Required action:
All lines from the one containing "Artbound- Heath Ceramics: The" through the end of the data below are to be repeated exactly, with pictures left out.

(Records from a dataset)

:::::

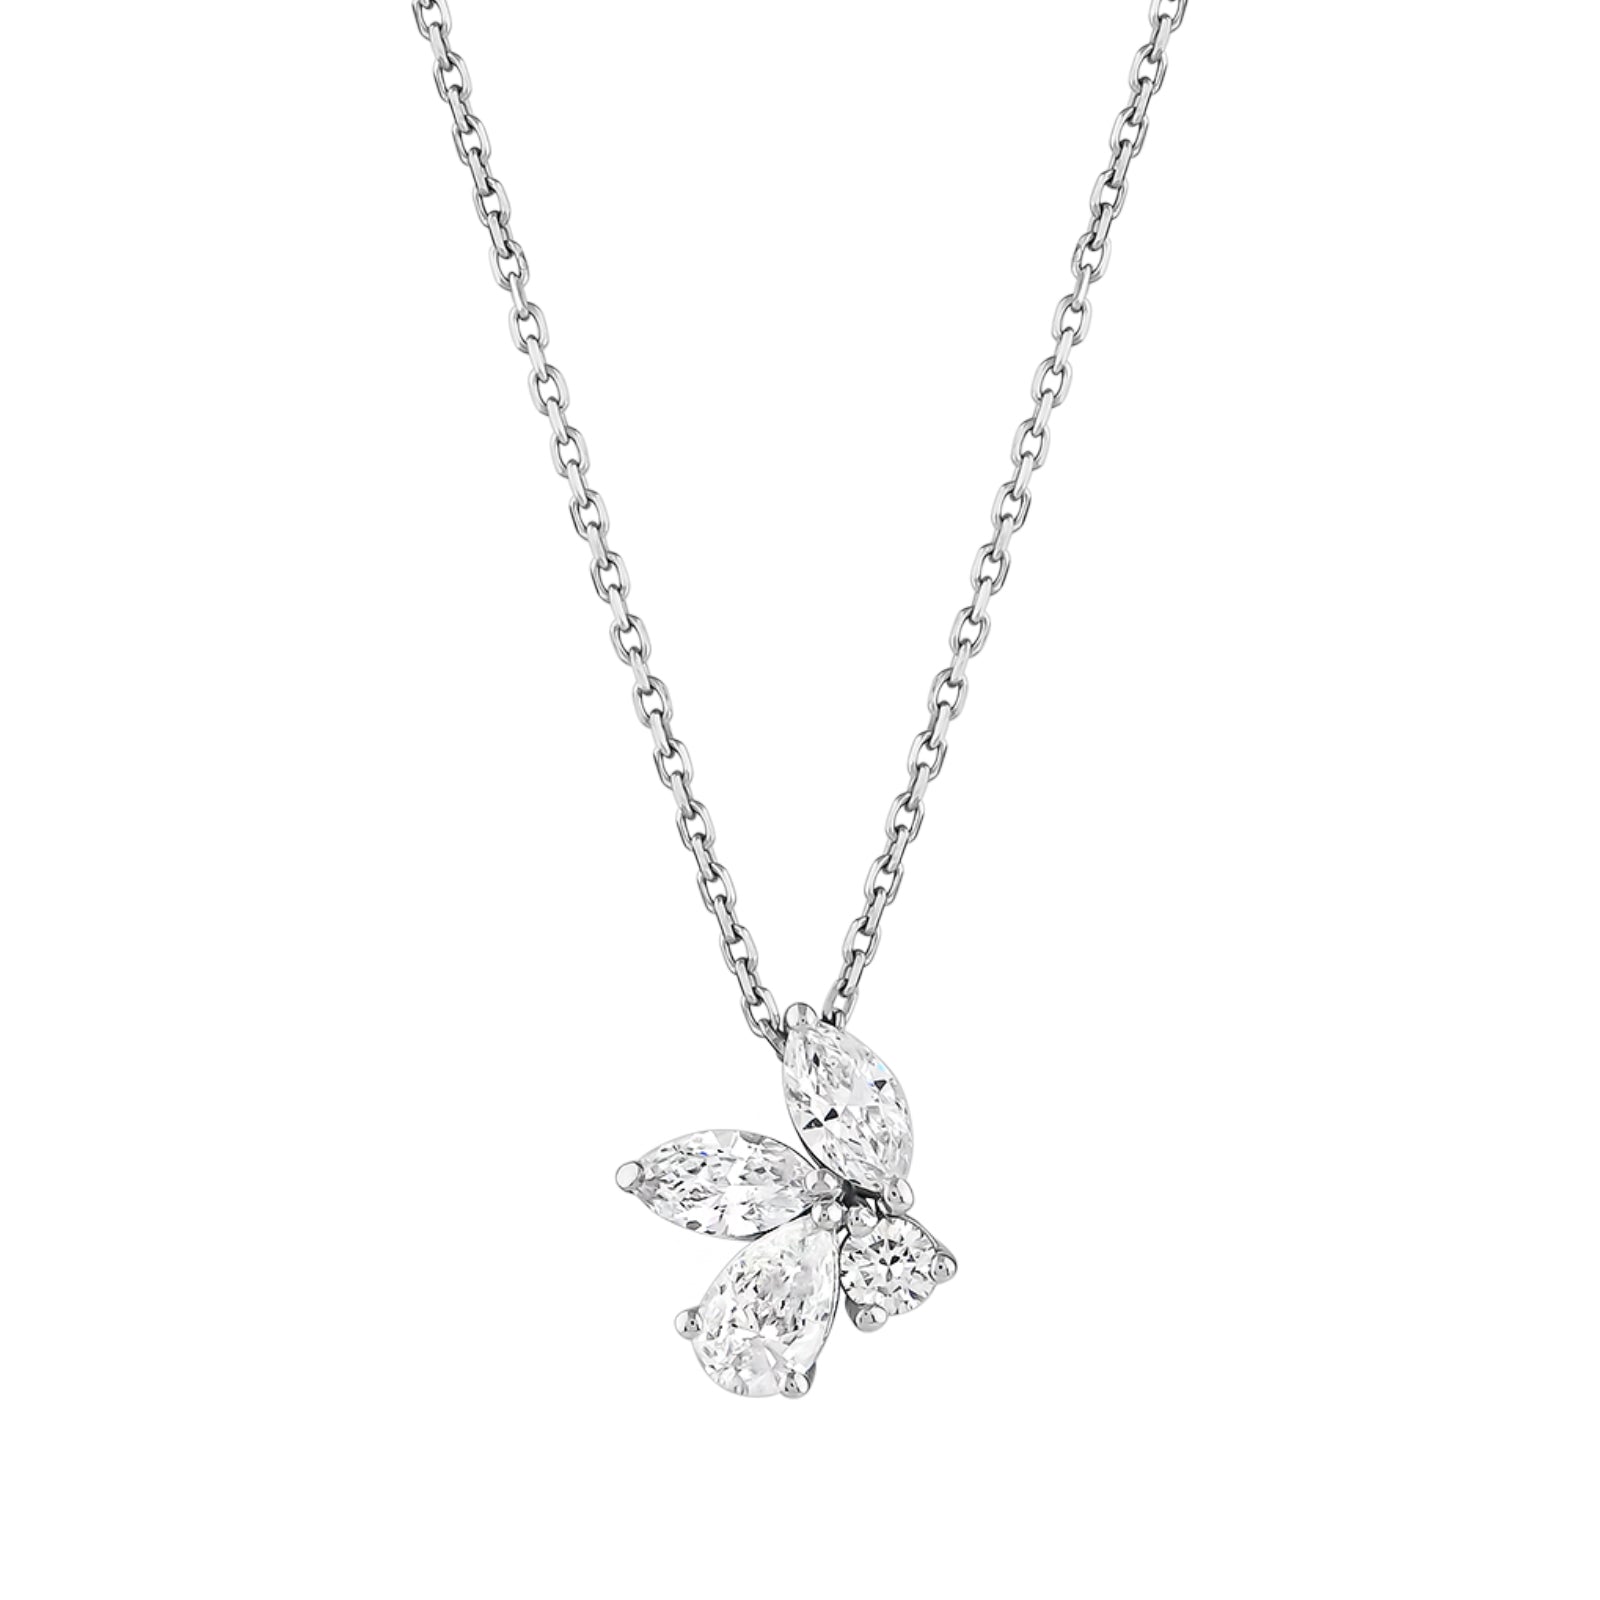 The Aurora by Lumeniri Diamonds Fine Jewelry Collection
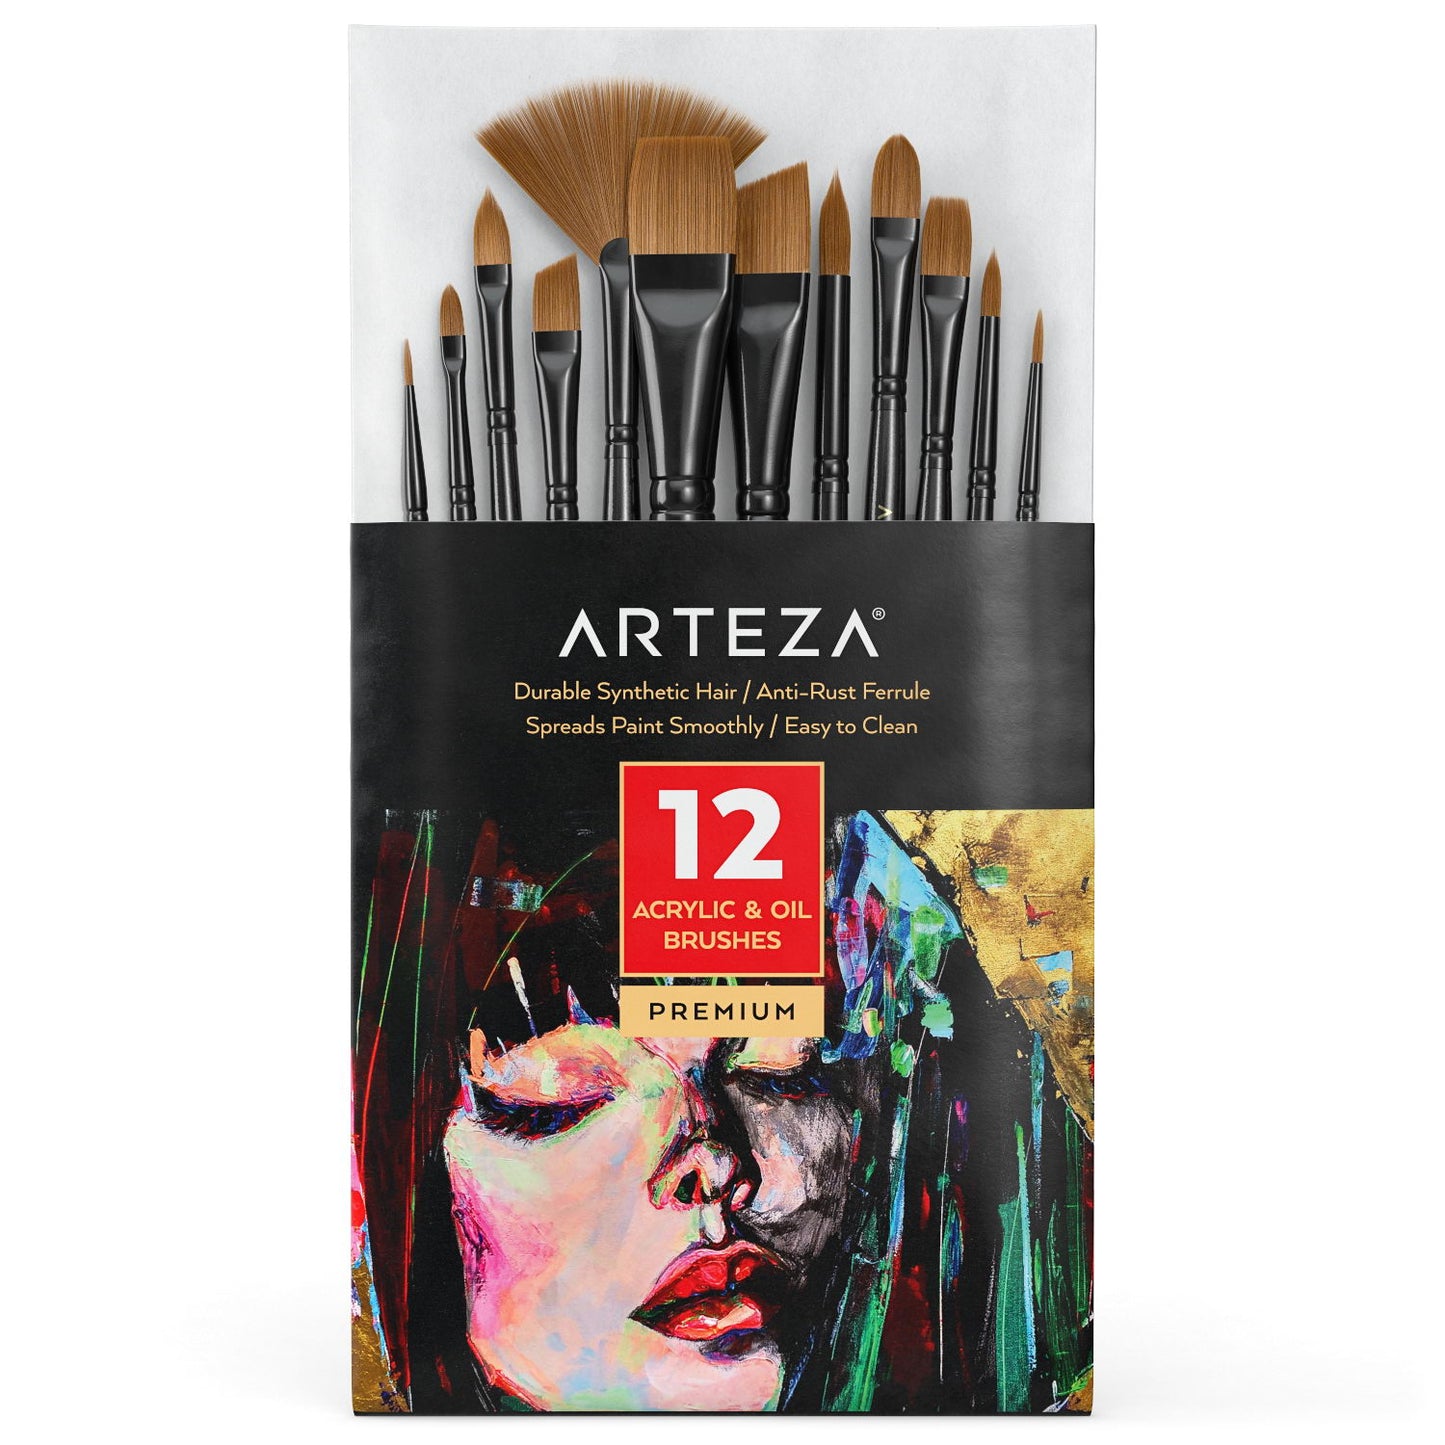 Art Supplies Watercolor Brushes Acrylic Paint Brush for Artist - China  Watercolor Paint Brush, Acrylic Paint Brush
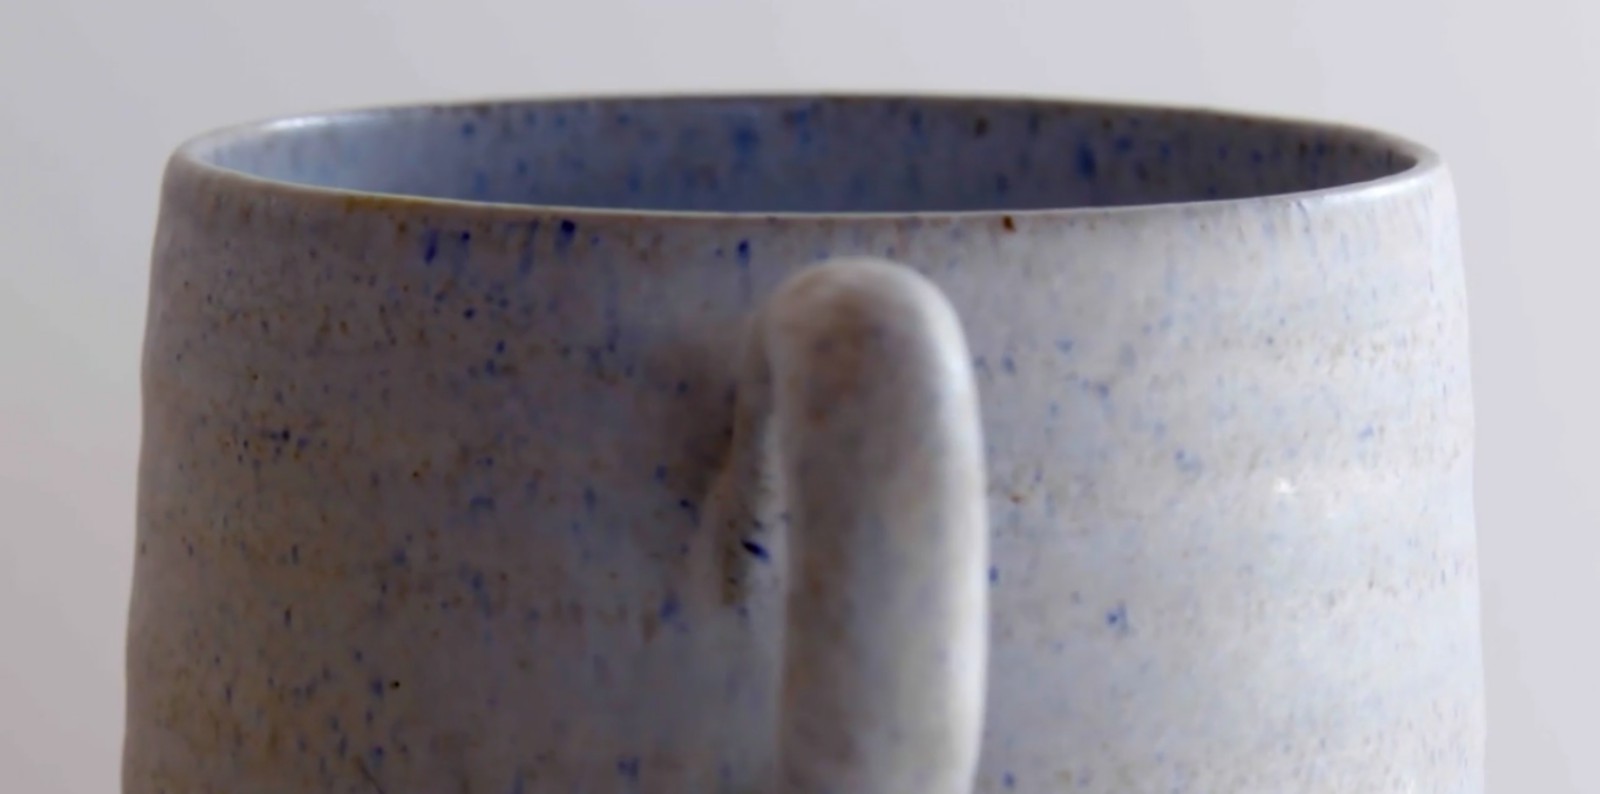 Artbound- Heath Ceramics: The Making Of A Classic Image
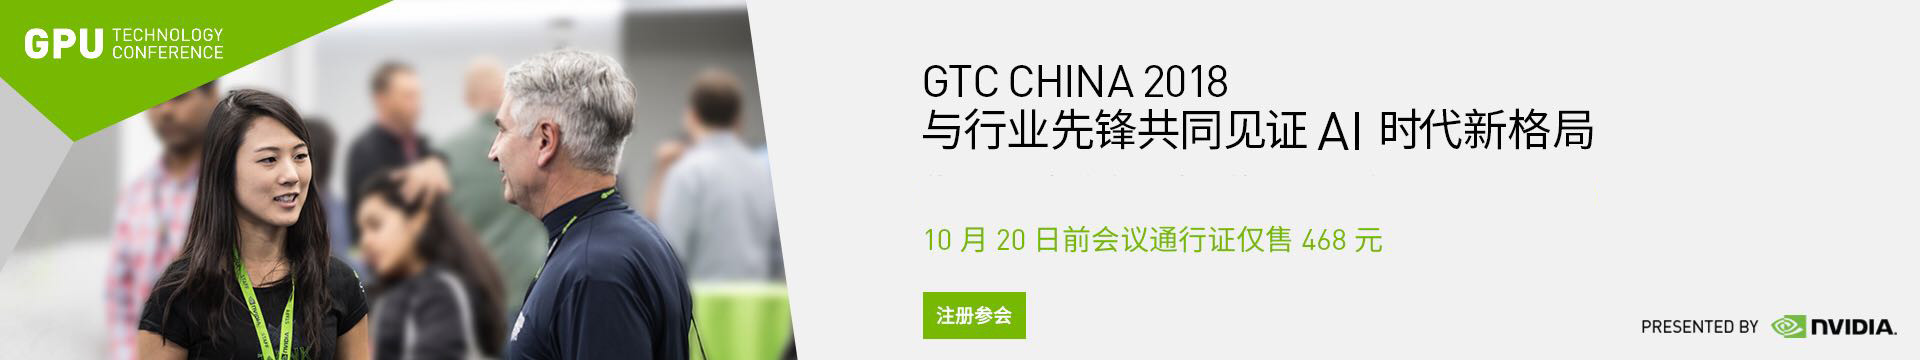 GTC CHINA 2018 ( GPU 技术大会 )
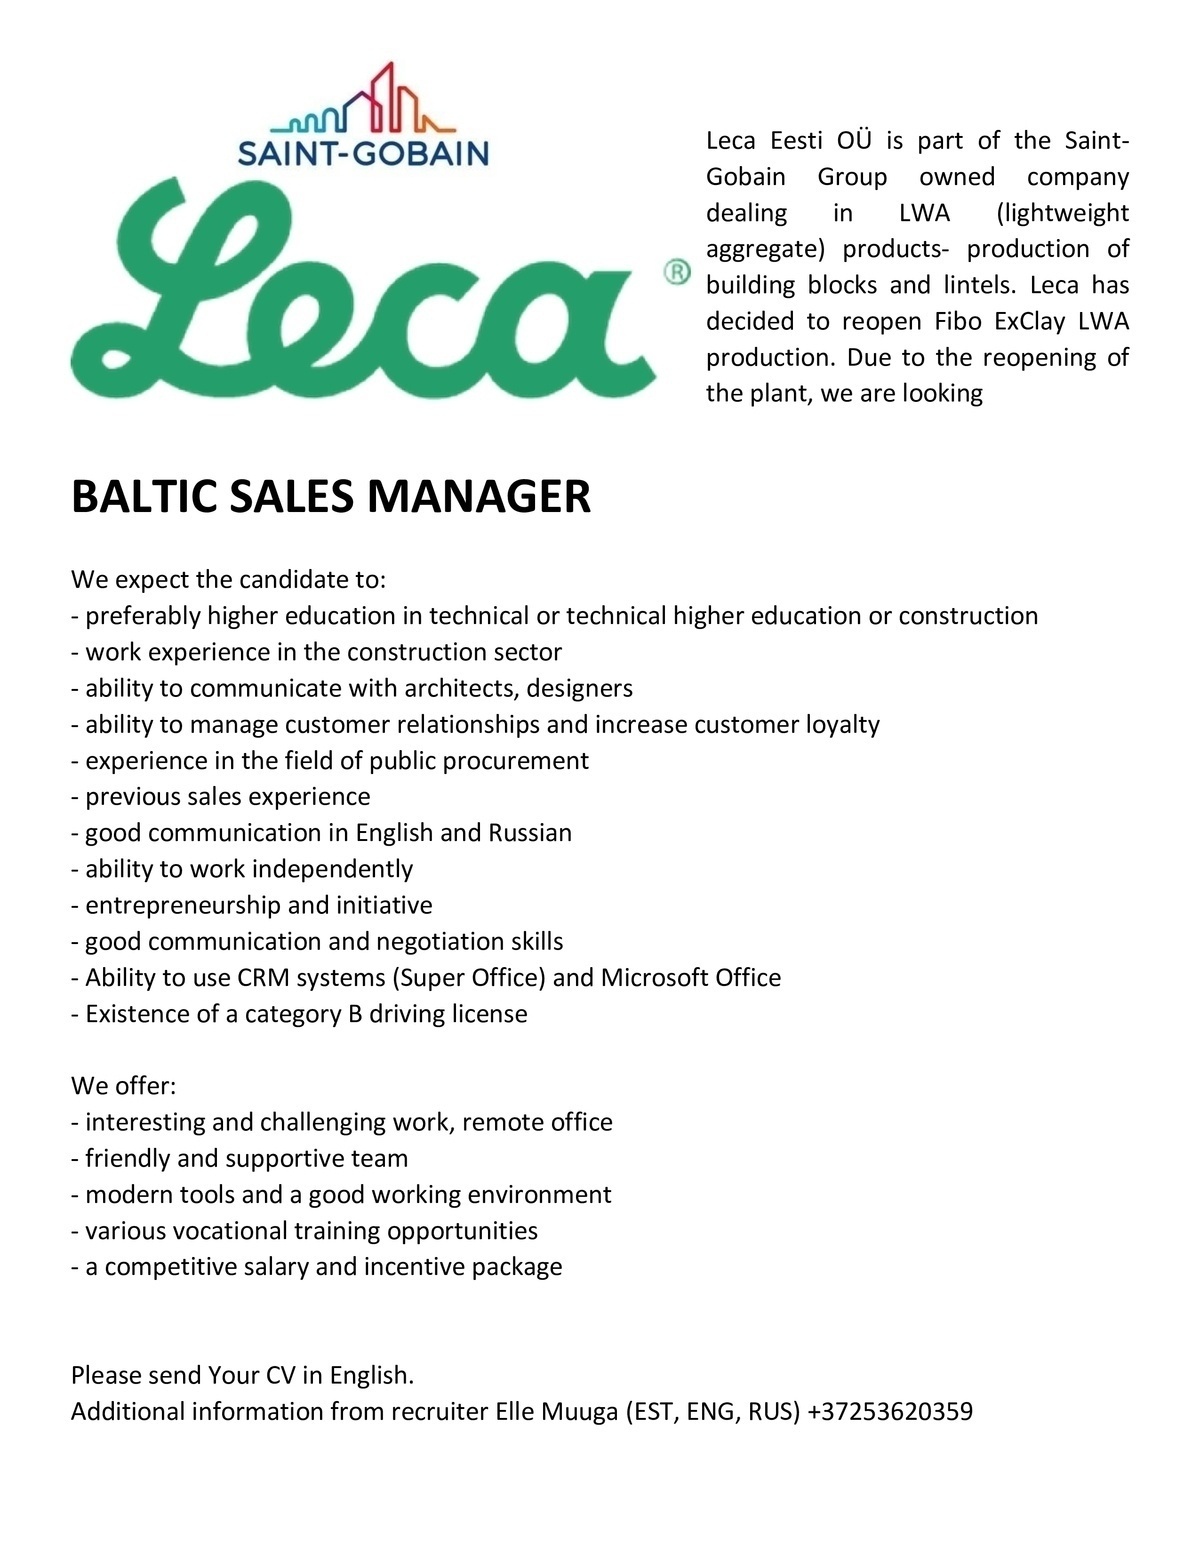 Leca Eesti OÜ (SAINT-GOBAIN) Baltic Sales Manager

:::::

Solution to this exercise:
 Artbound- Heath Ceramics: The Making Of A Classic Image
 GTC CHINA 2018 ( GPU 技术大会 )
 Leca Eesti OÜ (SAINT-GOBAIN) Baltic Sales Manager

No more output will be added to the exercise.